Outside MacDill questions and answers between officer Yeoman and the videographer continued.  The videographer hurled insults at the officer, and directed some toward Yeoman’s mother.  As tensions escalated, both employed profanities.

“He acted like a human being.  He didn’t like the insults, he didn’t like the abrasive approach that this citizen was using, but he didn’t get violent, and quite honestly officers have a first amendment right to express themselves as well,” Lirot added.

While some call this a first amendment audit, the Tampa police call it baiting.   An email from department spokesperson Steve Hegarty stated,” It has become more frequent because … it’s easier than ever to capture anything on video, and that video has a life on YouTube and it captures interest among TV reporters.”

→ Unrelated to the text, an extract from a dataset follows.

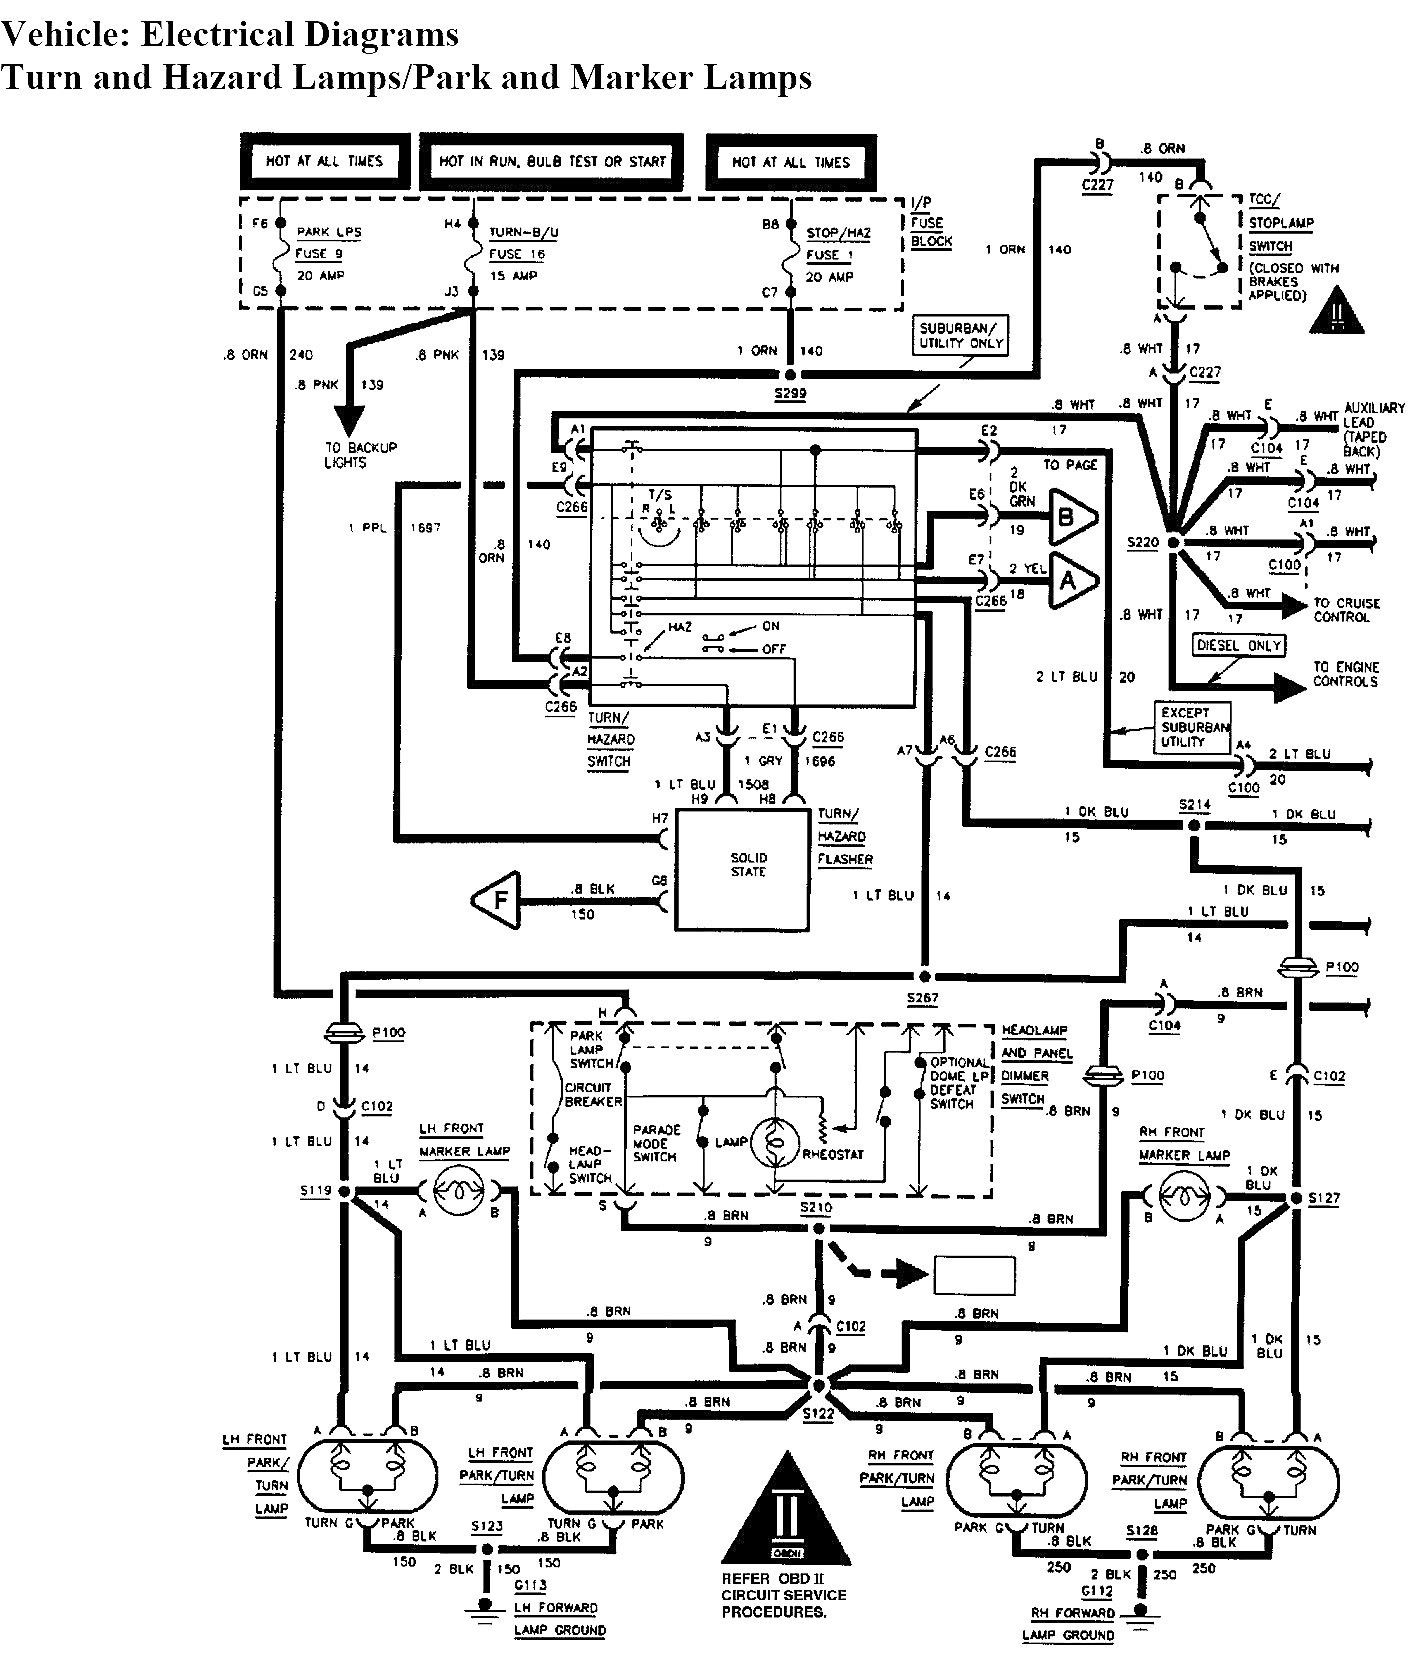 2000 Chevy Silverado Brake Light Wiring Diagram In 2020 2000 Chevy Silverado Chevy Silverado 79 Chevy Truck

“Well it certainly appears to be baiting but in the exercise of those constitutional rights, you have a right to bait the police  you have a right to test their restraint, you have a right to test their knowledge of the constitution,” Lirot added.  Efforts to contact the man behind the camera were not successful.  At the conclusion of the video, police and MacDill authorities determined he had not violated the law.

“The commentary might be troubling but I think his behavior was certainly, I think, properly reflected this citizen’s first amendment rights, especially if he was called out there by MacDill.  I mean he’s responding to a call from a third party, another government agency.  I think he behaved properly, there was no arrest made, there was no physical restraint, there was never any kind of physical contact,” Lirot said.

Late this afternoon T-P-D relayed that based on the video, chief Ward initiated an internal affairs investigation of the incident.